**Information shown:**
+---+

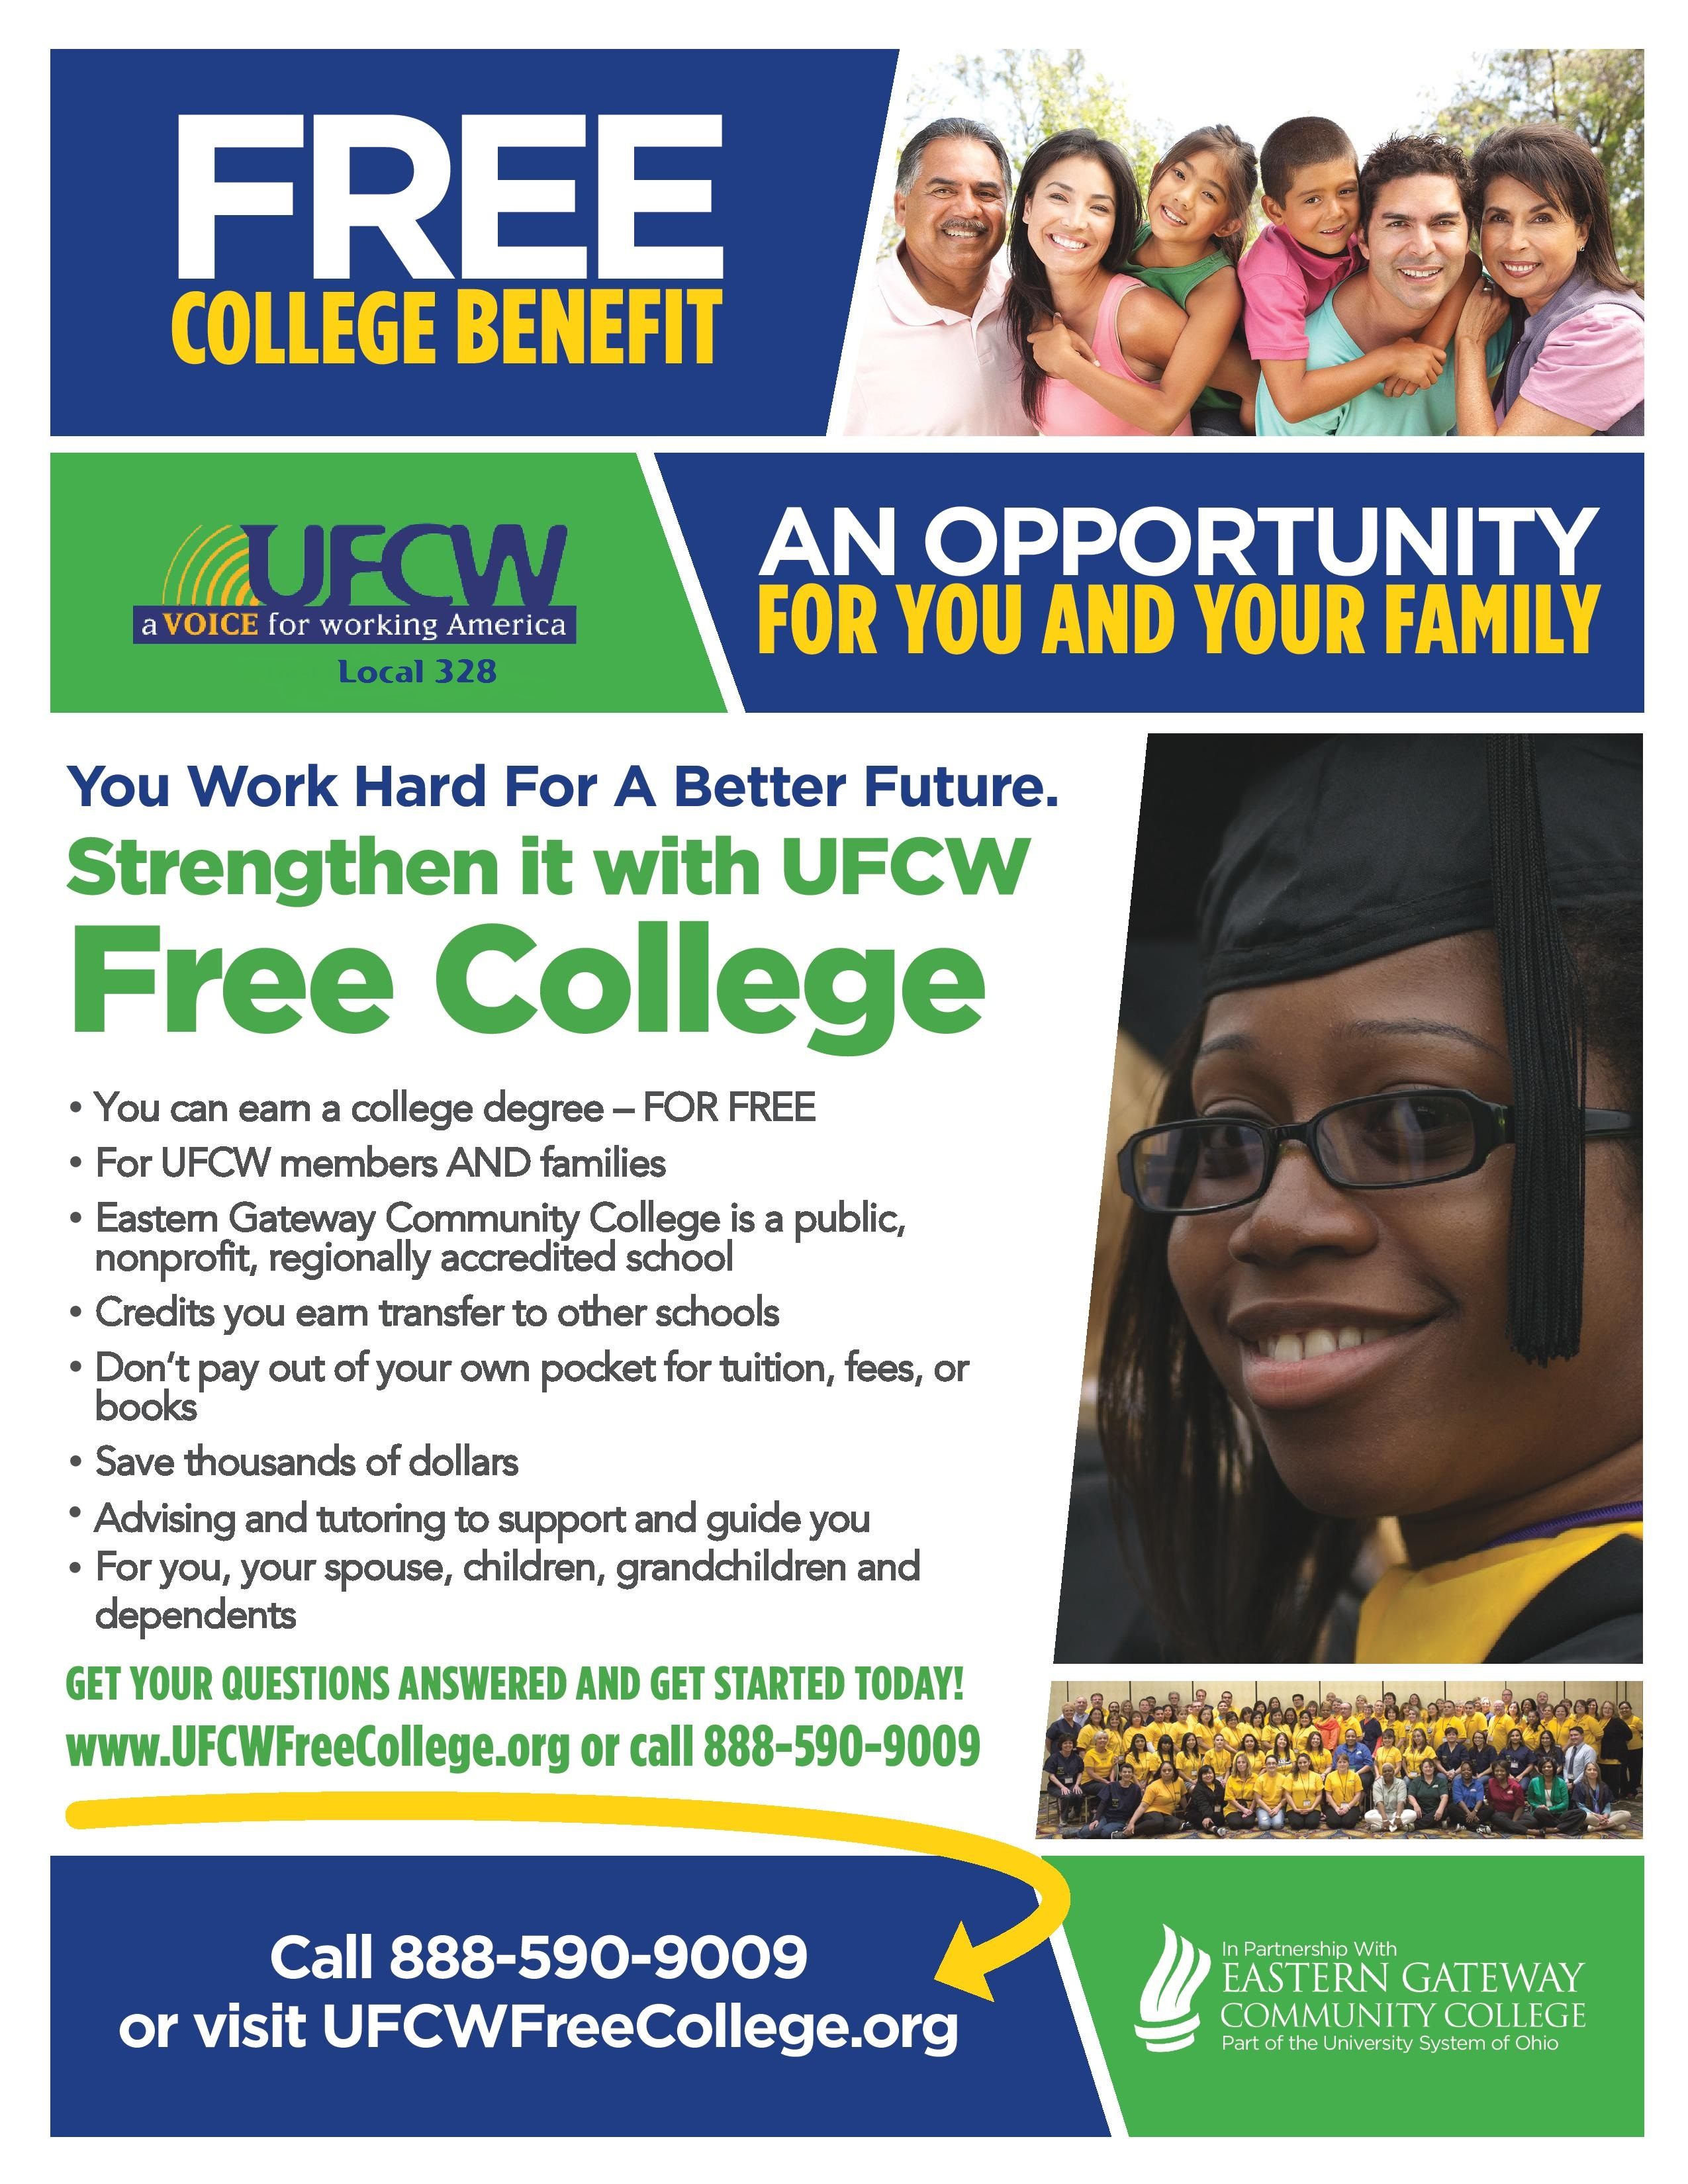 ufcw free college flyer
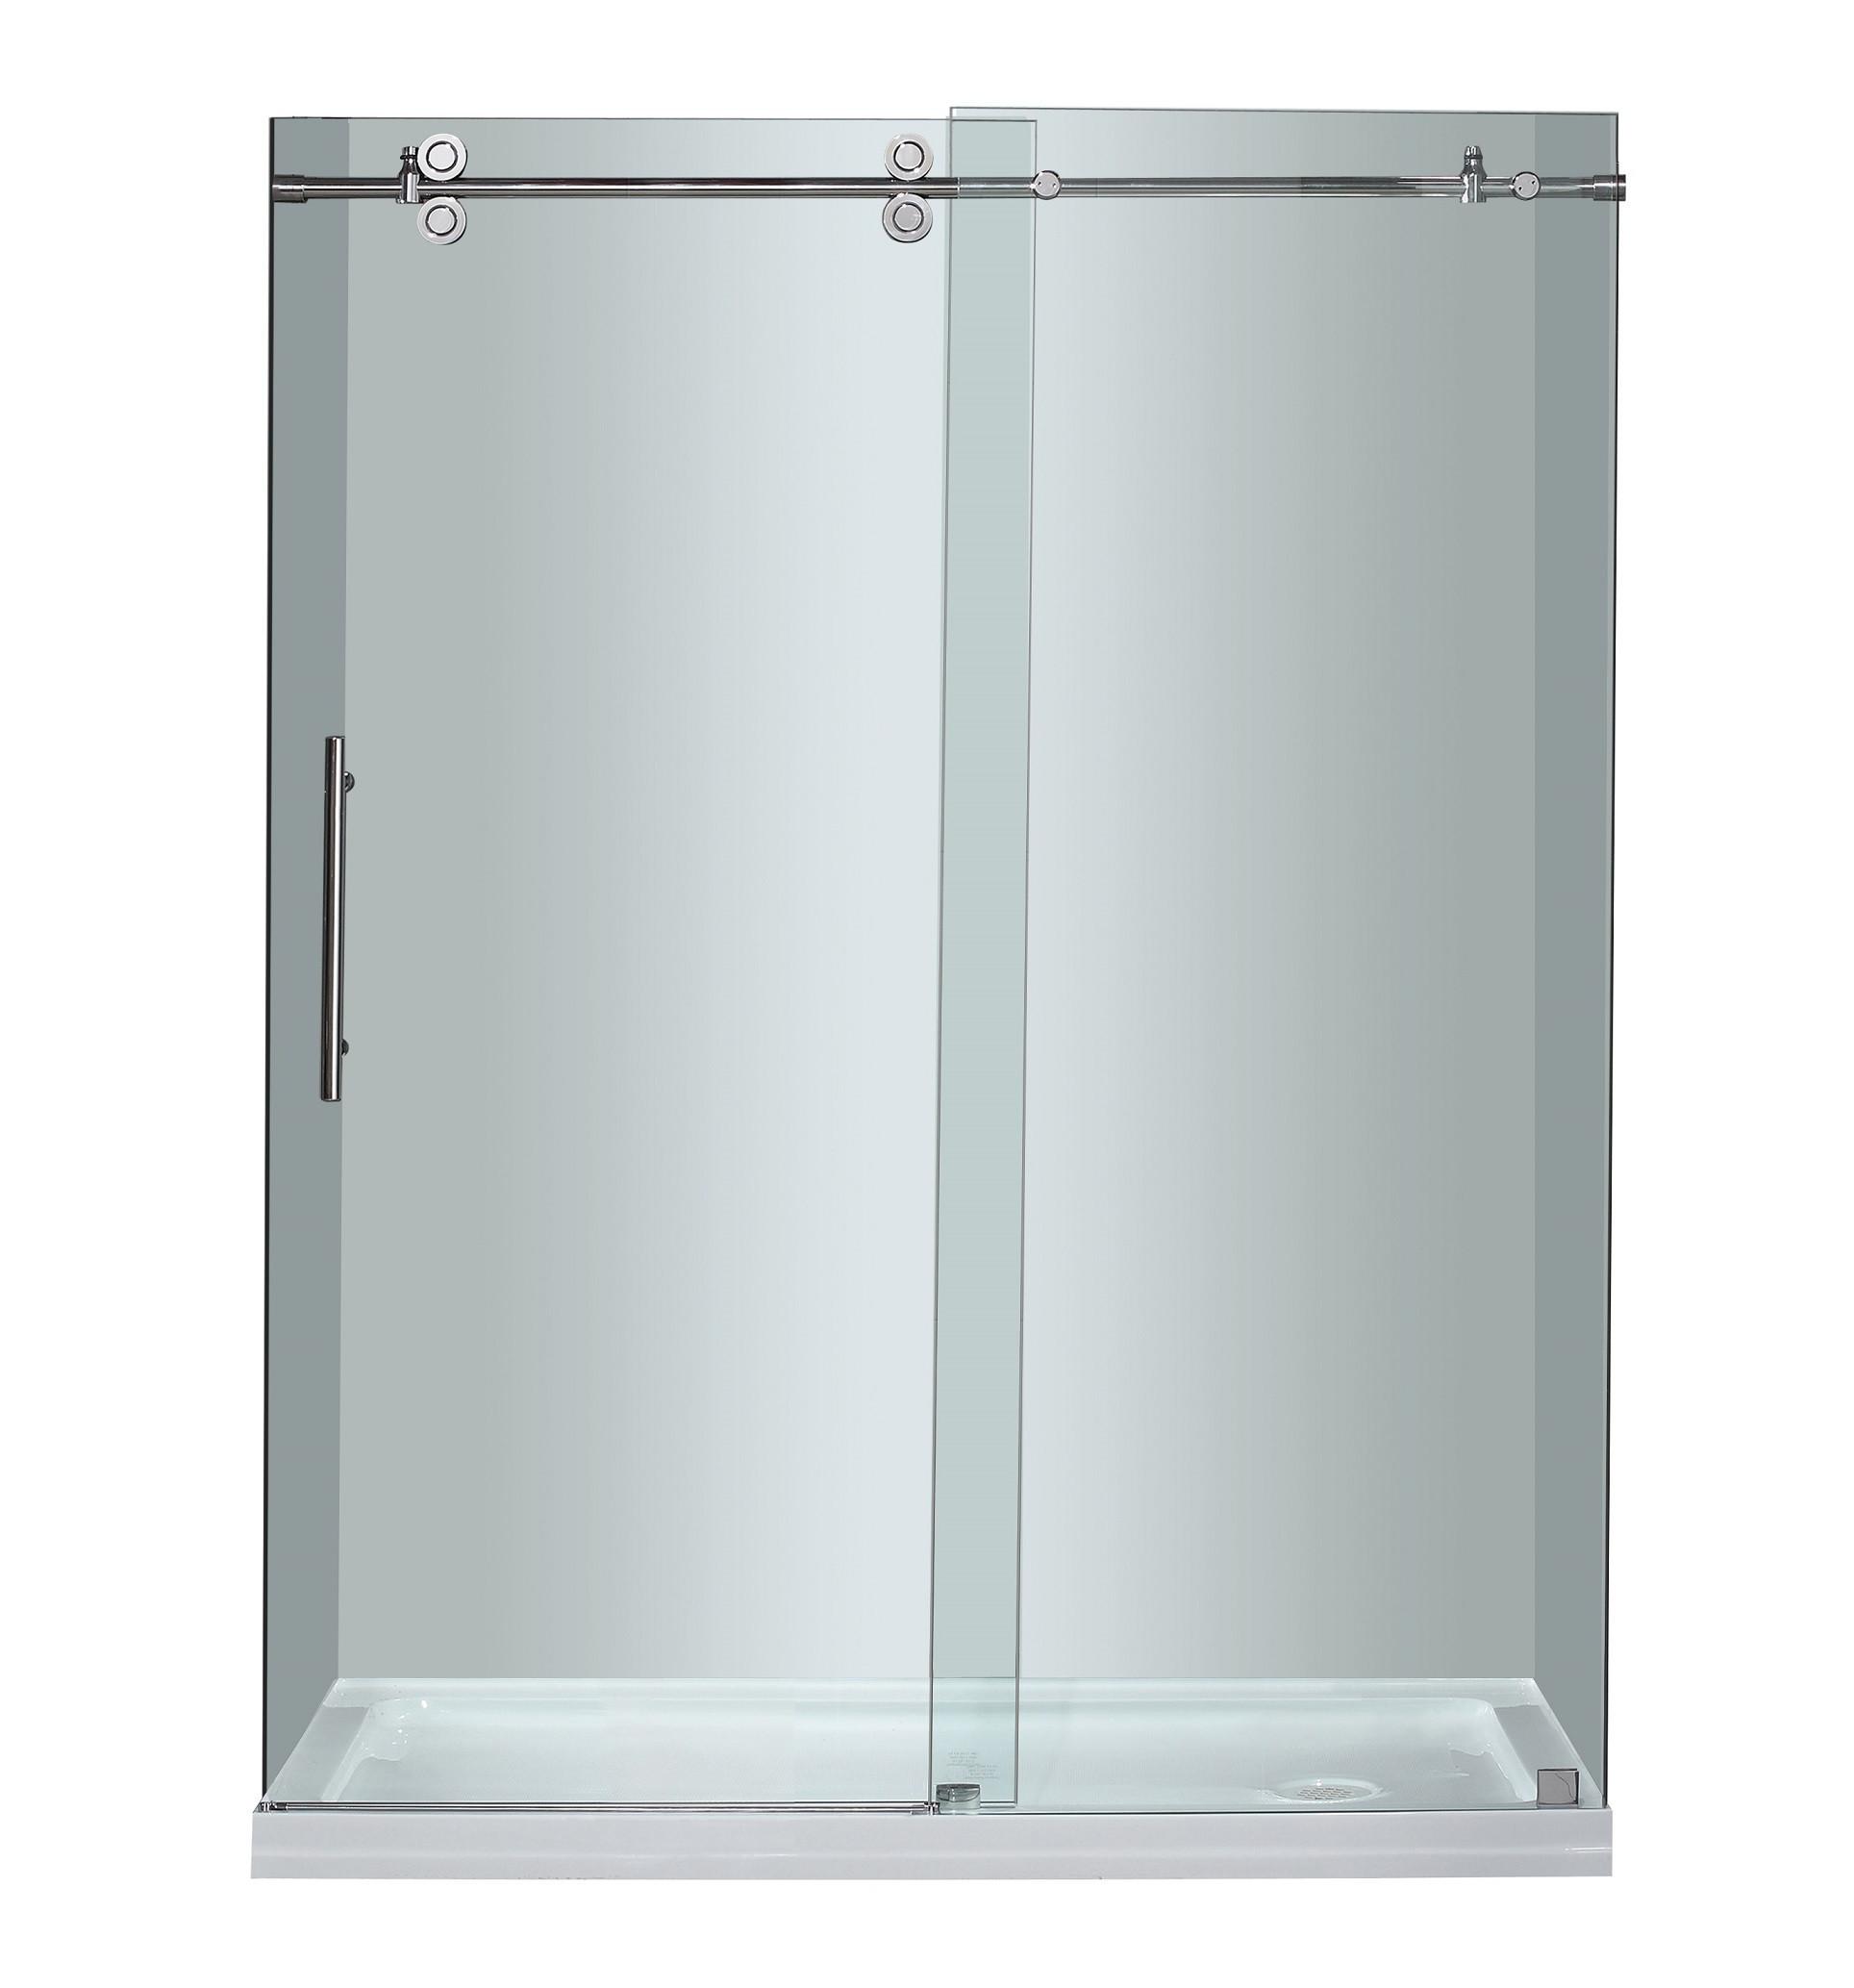 Aston Global SDR978-TR-CH-60-10-R - Completely Frameless Sliding Shower Door with Right Shower Base
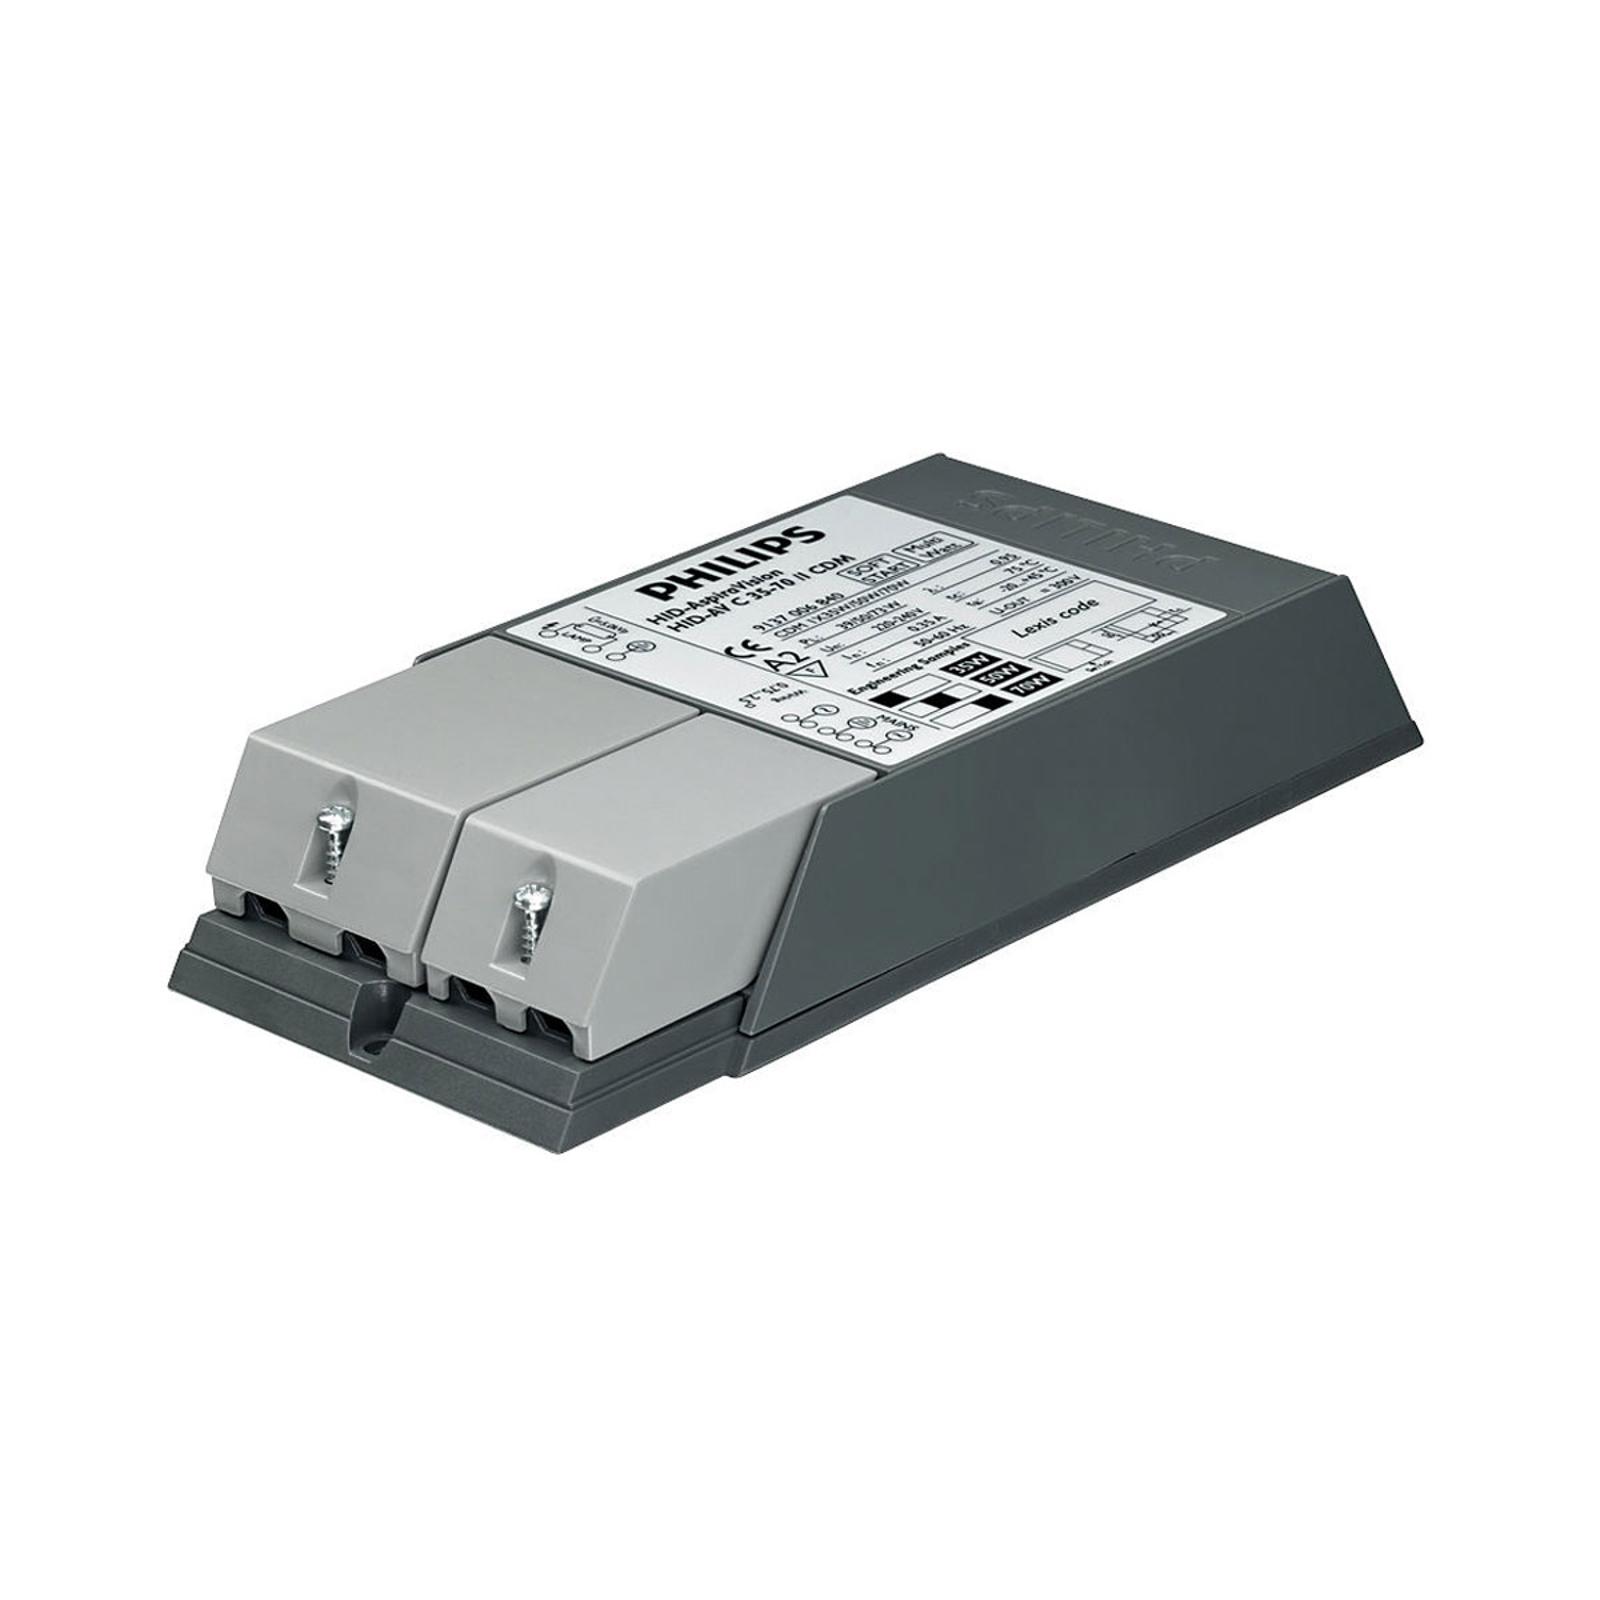 HID-AspiraVision Compact statecznik MW 35-70W

+---+

**Task prompt:** Exclude every picture, then reproduce the remaining data character for character.

**Output for this task:**
 ufcw free college flyer
 Aston Global SDR978-TR-CH-60-10-R - Completely Frameless Sliding Shower Door with Right Shower Base
 HID-AspiraVision Compact statecznik MW 35-70W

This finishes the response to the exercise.